05 Agustus 2008

KAUM BORO: Refleksi Kehidupan Desa-Kota

Oleh : Slamet Luwihono

Pendahuluan

Bukan upaya yang mudah untuk memberikan gambaran tentang desa dan kota secara utuh, disamping karena kompleksitas permasalahan yang ada di desa maupun di kota juga karena sifat dinamis desa dan kota sebagai akibat pembangunan. Gambaran yang diberikan sekarang tentang desa atau kota belum tentu relevan untuk kondisi dua tahun mendatang. Dengan demikian pembahasan tentang desa seringkali tidak dapat dilepaskan dari terjadinya perubahan sosial desa yang demikian cepat. Rogers dalam bukunya Social Change in Rural Societies: An Introduction to Rural Sociology, memandang perubahan sosial sebagai suatu proses yang melahirkan perubahan-perubahan di dalam struktur dan fungsi dari suatu sistem kemasyarakatan.[1] Perkembangan yang cepat tersebut tentunya tidak lepas dari perkembangan teknologi pertanian dan juga perubahan struktur perekonomian dan politik. Perubahan sistem produksi telah membawa perubahan yang mendasar pada system pertanian yang pada gilirannya berdampak pada perubahan kehidupan masyarakat pedesaan sebagai petani atau menggantungkan hidupnya pada pertanian di pedesaan.

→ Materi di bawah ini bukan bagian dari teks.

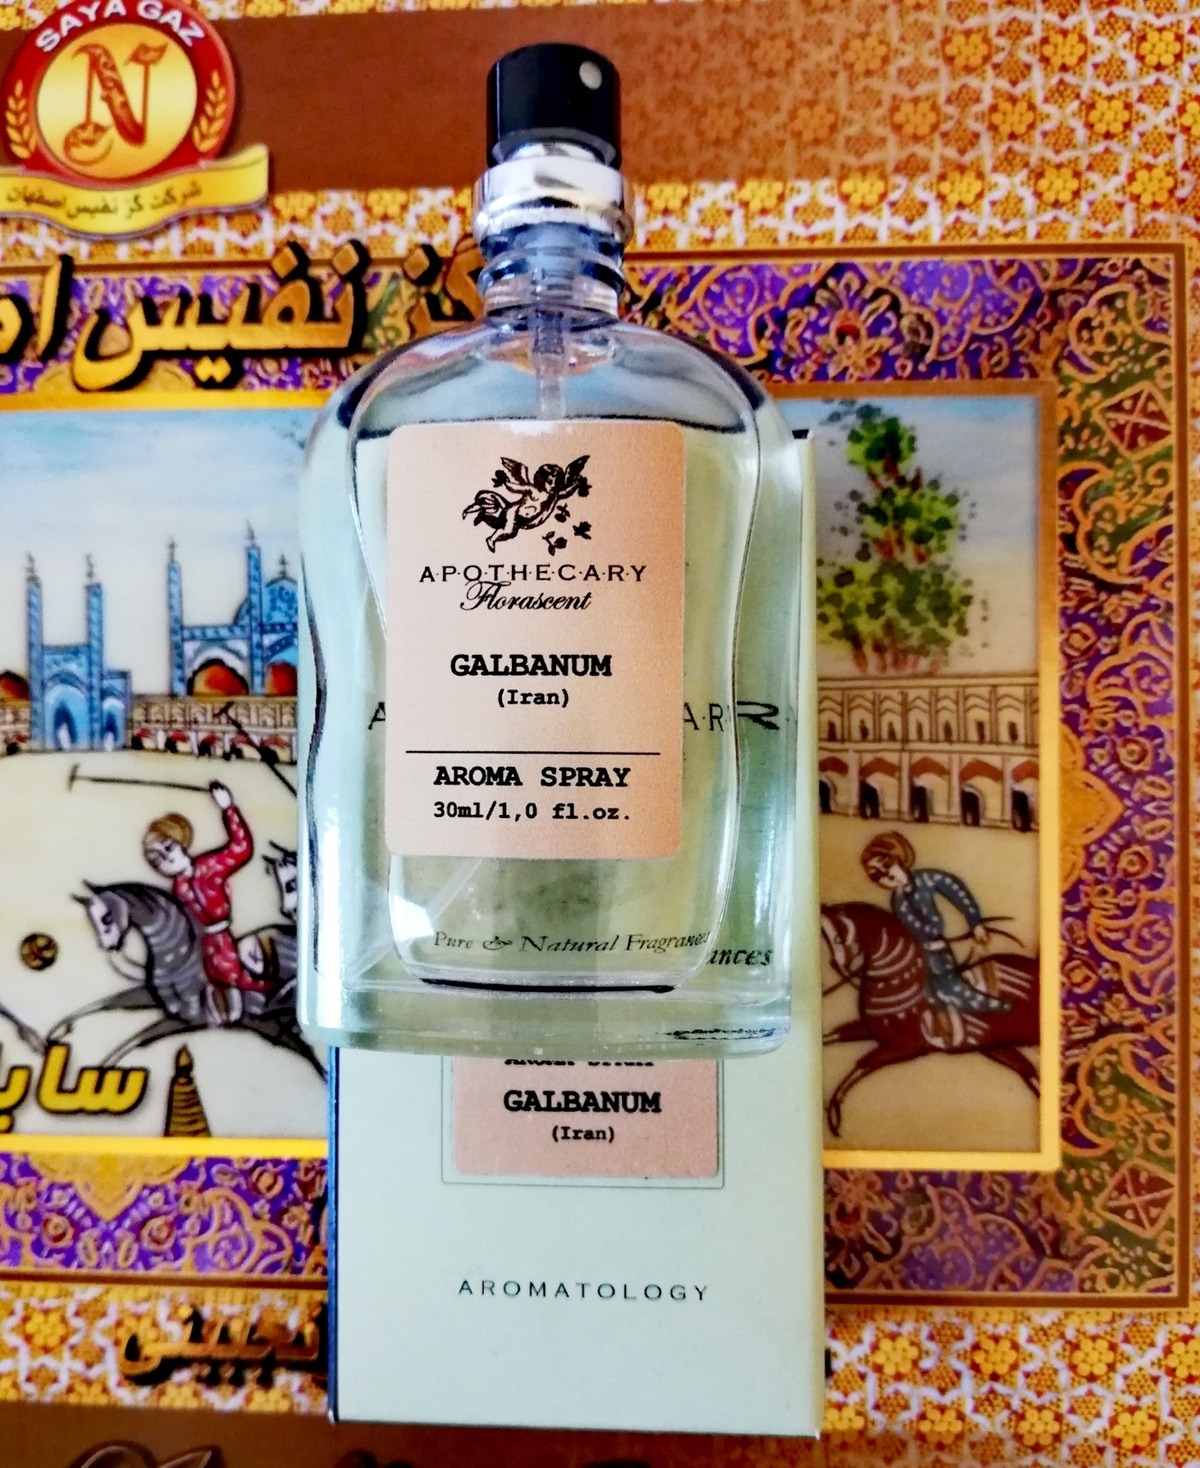 Galbanum findet man hauptsächlich im Iran. Es gibt vielen Parfums ihre charakteristische grüne Note. Dieser Duft hier ist nicht auf Parfumo gelistet, es handelt sich um reines Galbanum in Form eines "Aromasprays". Eine interessante Dufterfahrung.

Secara sosiologis, Maschab menggambarkan desa sebagai suatu bentuk kesatuan masyarakat atau komunitas penduduk yang bertempat tinggal dalam suatu lingkungan di mana mereka saling mengenal dan corak kehidupan mereka relatif homogen serta banyak bergantung pada alam. Lebih jauh lagi Maschab menyebukan bahwa desa diasosiasikan dengan satu masyarakat yang hidu sederhana, pada umumnya hidup dari lapangna pertanian, ikatan sosial, adat dan tradisis masih kuat, sifat jujur dan bersahaja, pendidikannya relatif masih rendah dan sebagainya.[2] Dalam perkembangannya, sebagai akibat dari arus modernisasi sebagian desa telah mengalami perubahan secara drastis dan jauh dari kondisi-kondisi yang banyak digambarkan oleh para ahli. Modernisasi sebagai satu pendekatan pembangunan telah juga membawa perubahan sosio-kultur desa. Dalam konteks yang demikian, desa tidak lagi bisa didefinisikan sebagai tempat tempat tertentu yang masih jujur dan bersahaja, lugu dan masih menjalin ikatan-ikatan sosial secara informal. Meskipun demikian, dalam kenyataannya dampak modernisasi terhadap masyarakat desa memang tidak dapat digeneralisir. Secara nyata masih ada masyarakat desa yang masih hidup mematuhi tradisi dan adat istiadat turun temurun, dan banyak diantaranya dalam kondisi tidak maju atau terbelakang menurut ukuran modernitas. Desa di Badui dalam atau pada umumnya desa-desa di luar Jawa misalnya merupakan masyarakat yang masih menjunjung tinggi kepercayaan tradisional dan adat sehingga derasnya arus modernisasi tidak mampu mempengaruhi kehidupan masyarakat. Sebagian desa lagi, terutama desa-desa di luar Jawa, secara geografis terletak sangat jauh dari dunia modern sehingga sulit untuk dijangkau dan akibatnya tidak mudah untuk dipengaruhi.[3]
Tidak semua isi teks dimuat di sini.